Hace unos meses celebré, en este mismo espacio, las decisiones tomadas por el Senado de la República en torno del Sistema Nacional Anticorrupción (SNA). Sigo pensando que se trata de la reforma federal más audaz que se haya promulgado para comenzar a contrarrestar las malas prácticas de la administración pública mexicana y para bloquear a quienes, en general, abusan de las atribuciones o los recursos públicos que la sociedad pone en sus manos.

Se trata de una reforma profunda y de largo aliento. Cuando entre en pleno vigor, dentro de quince días, pondrá en movimiento una compleja maquinaria institucional; modificará el anquilosado sistema de responsabilidades que habíamos venido arrastrando por décadas; exigirá que se conozcan públicamente datos que hasta hoy se habían venido ocultando o entregando por gotas; y promoverá nuevas vías para que la sociedad se organice y participe activamente en el combate a la corrupción. Es un desafío inédito para la clase política (y también para los ciudadanos).
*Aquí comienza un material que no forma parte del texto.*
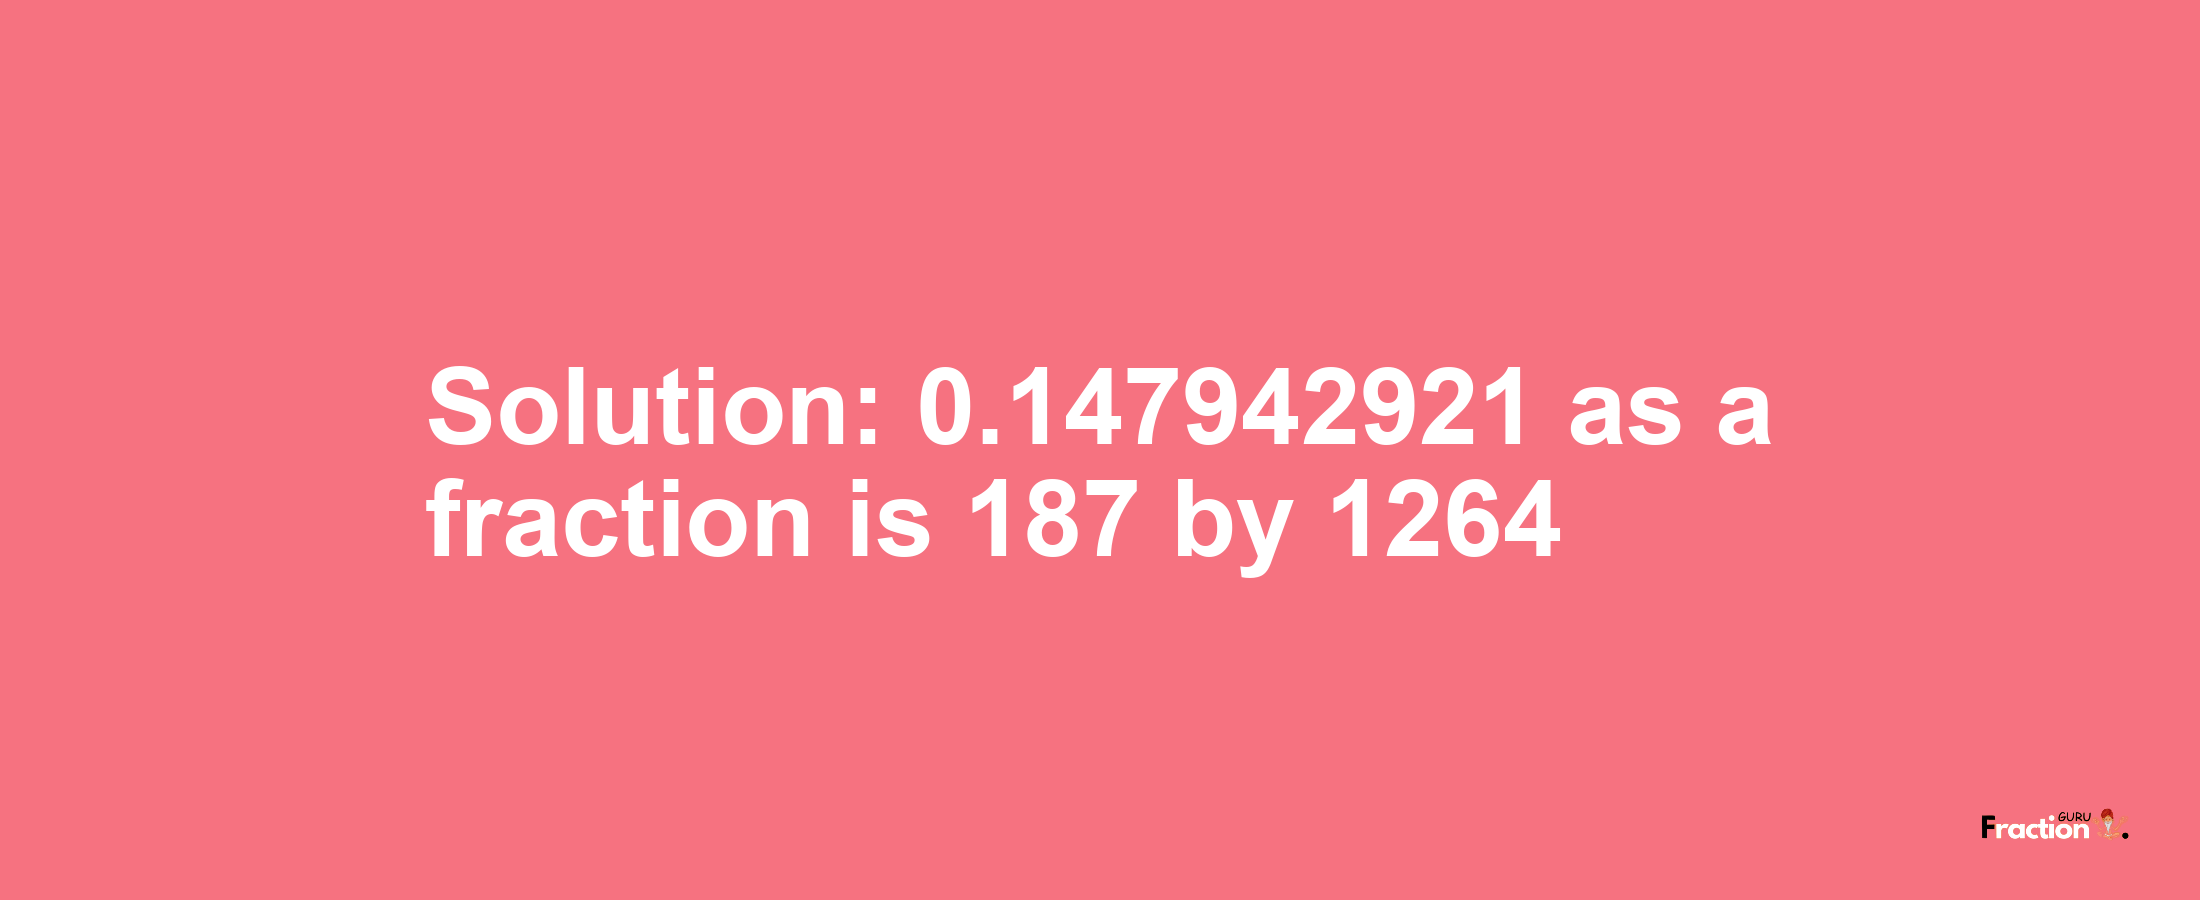 Solution:0.147942921 as a fraction is 187/1264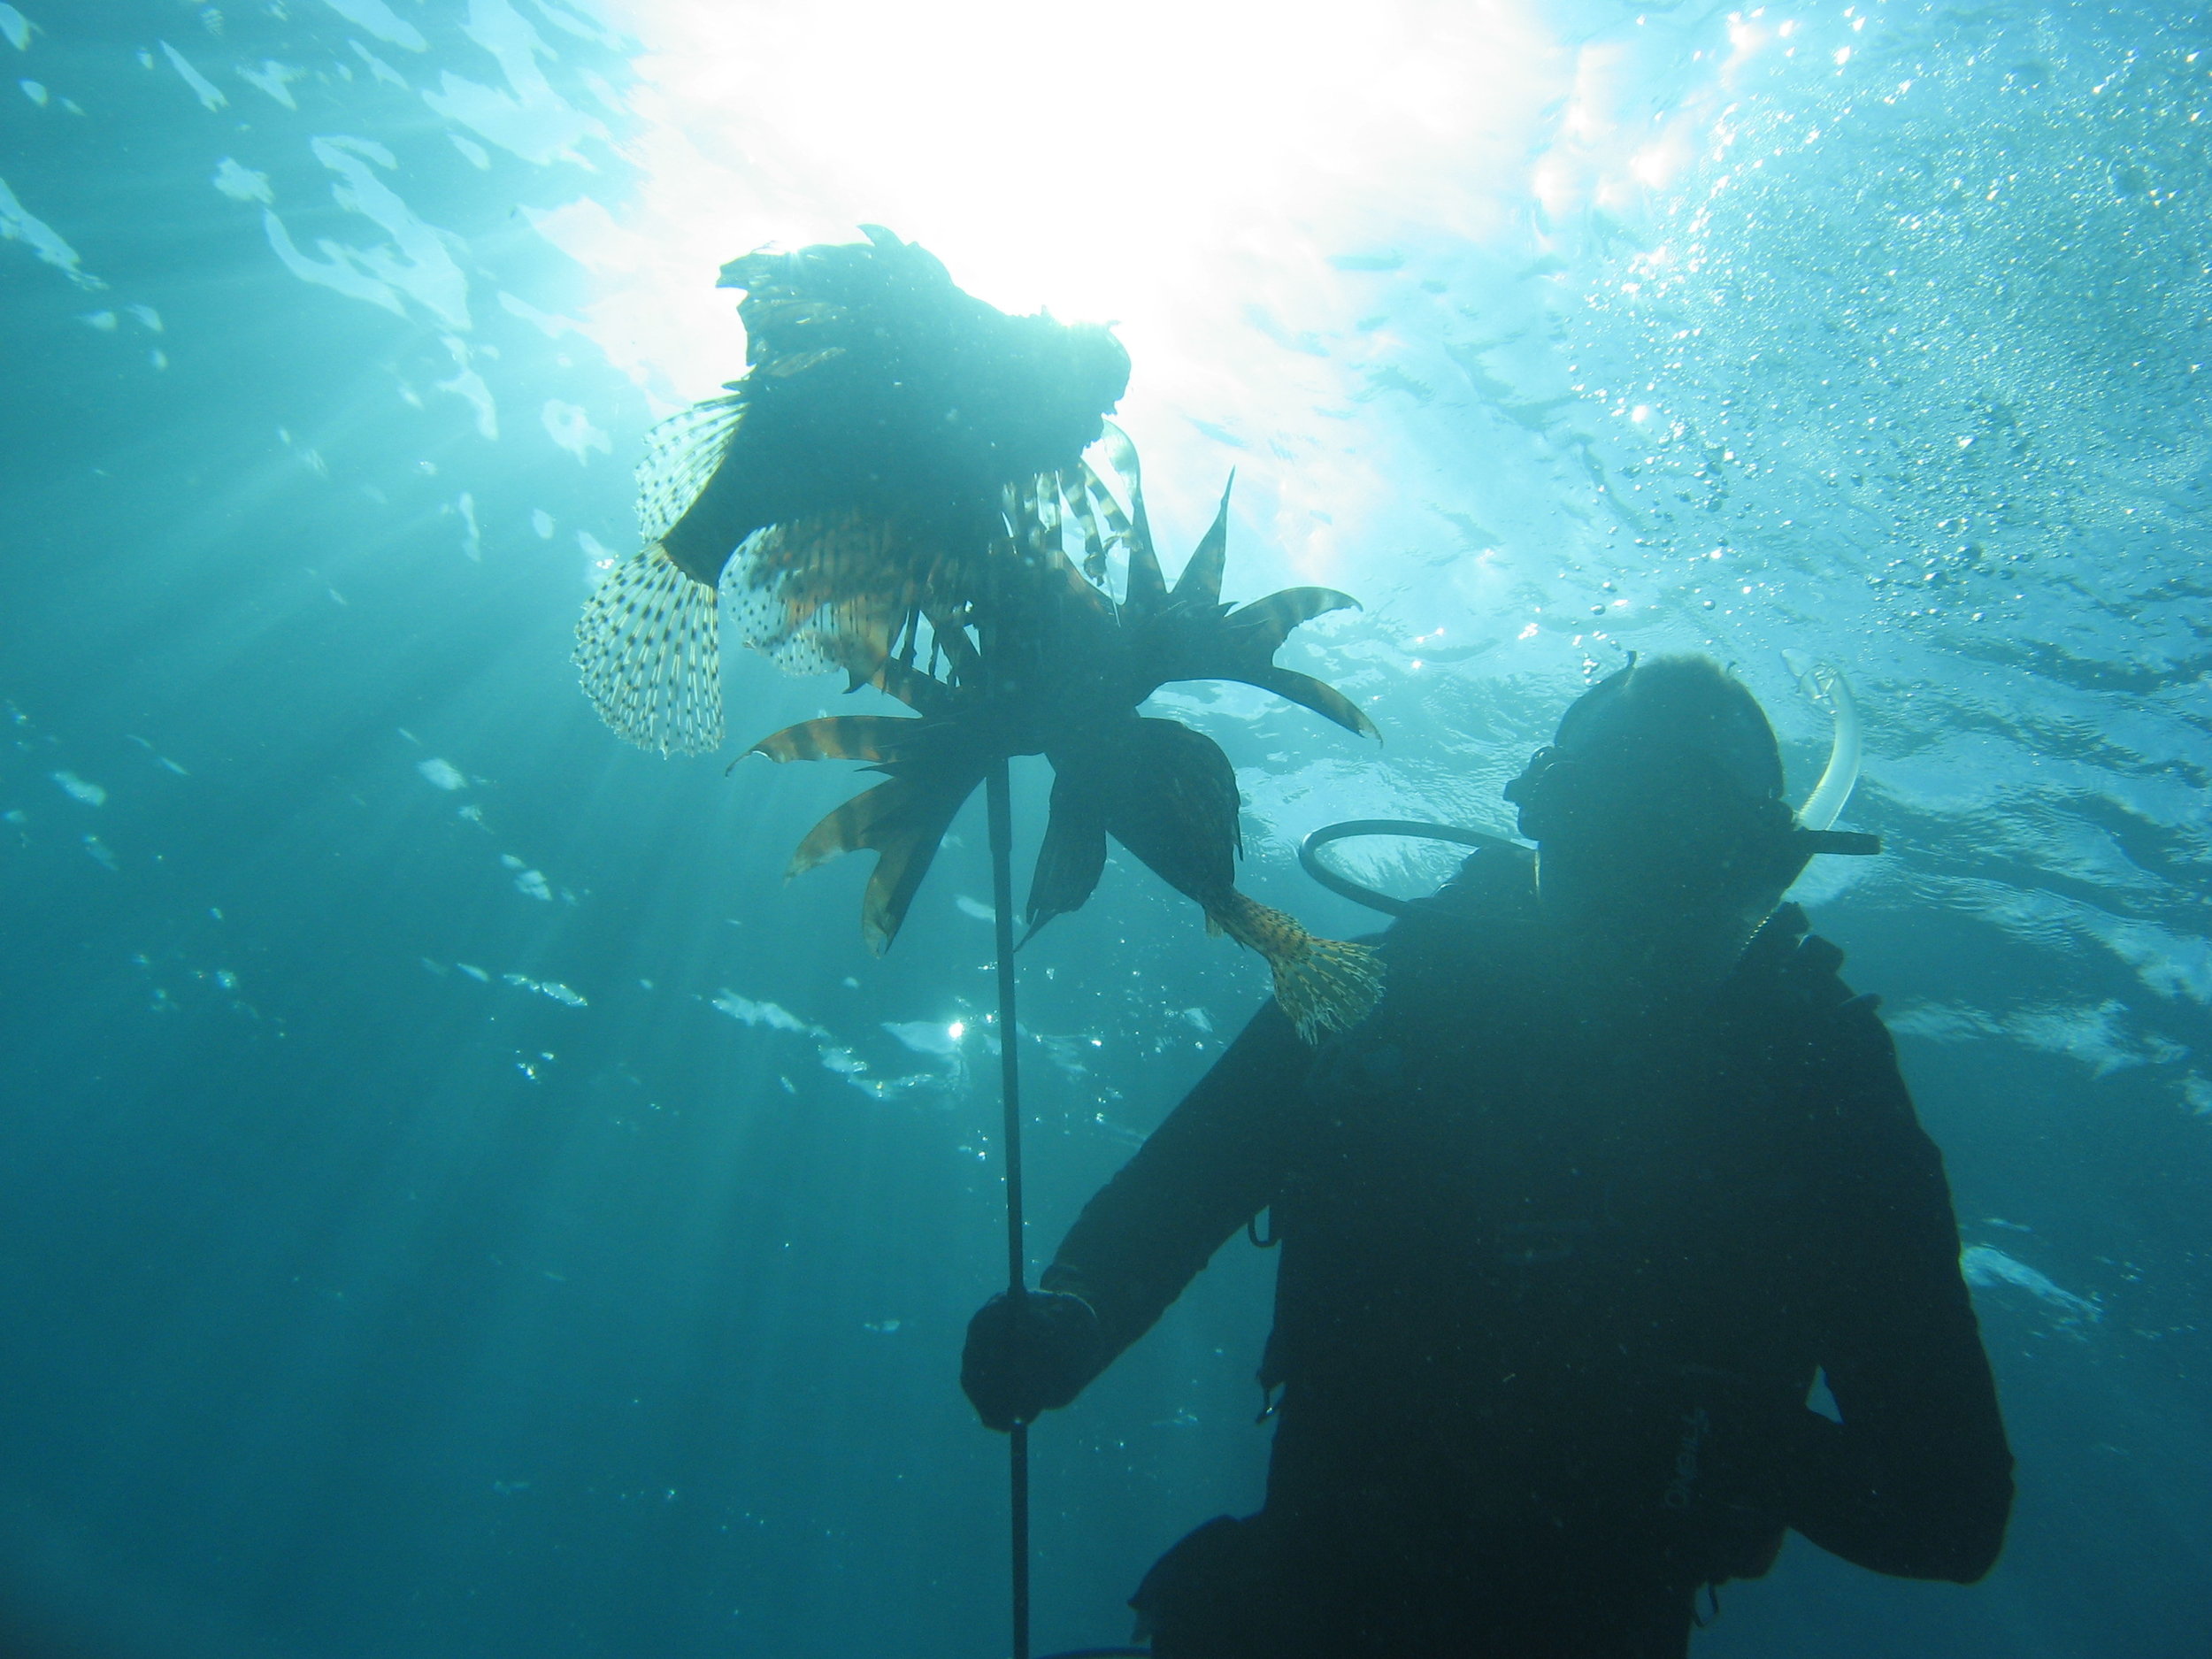 Dr. David Baker after a successful research dive and lionfish hunt

Desde su concepción, el SNA ha tenido enemigos de toda índole. Los más primitivos lo han desdeñado por ignorancia, pues se trata de un diseño que combina pesos y contrapesos, sistemas digitales, leyes y organismos que generan lo que su nombre indica: un sistema, cuya operación exitosa no sólo dependerá de las capacidades de los organismos que le darán vida, sino de la vigilancia que seamos capaces de imprimirle los ciudadanos. Otros, en cambio, lo han atacado porque simplemente no les conviene: unos por corruptos que se sienten amenazados y otros porque criticarlo les es rentable electoralmente. Los extremos se juntan.

Lo que resulta increíble es que el ataque más virulento de todos los que se han enderezado hasta ahora contra el SNA, haya provenido del mismísimo Senado de la República, en la voz de quien preside y representa a esa institución del Estado. Y más todavía, que ese ataque —carente de objetividad y plagado de frases airadas— tenga todos los visos de una declaración de guerra en contra de las personas que esa misma Cámara designó para integrar, por mandato legal, el Comité de Participación Ciudadana.

Doble disparo en los pies: a su obra legislativa y a quienes, por decisión del propio Senado, actuaron en su nombre para darle vida a una de las piezas principales del entramado institucional del sistema. Algunos colegas me han hecho ver que se trata de una “jugada” para modificar la composición de la Comisión de Selección nombrada por el Senado por tres años o, en todo caso, para someter al Comité de Participación Ciudadana antes de que comience 2018. Otros conjeturan sobre las diferencias personales que ha habido entre el senador Escudero y algunos de los miembros de esa Comisión. Otros más, incluyen en la ecuación la disputa por la candidatura del PRI a la Presidencia de la República.

Por las razones que sean y más allá de las intenciones que hayan inspirado ese ataque, la especie divulgada ha causado un daño imprudente y una confusión que debe llamarnos a la conciencia y la acción inmediatas: las leyes ganadas para combatir a la corrupción deben cumplirse a pie juntillas, por encima de grillas y bolas de humo. Cometeríamos un error garrafal si cayéramos en la trampa de confundir al SNA con la eterna batalla por capturar puestos públicos.

Comprendo que el poder político es mucho más potente cuando destruye, que cuando crea. Pero esta vez, y aun a despecho de este odioso episodio, no debemos bajar la guardia. Una vez puesto en vigor, el SNA debe ser impulsado activa y masivamente por los ciudadanos que todavía creemos que nuestro país merece una administración pública digna y honesta. Esas leyes y esas instituciones no le pertenecen a la clase política, sino a nosotros. Que nadie se llame a engaño.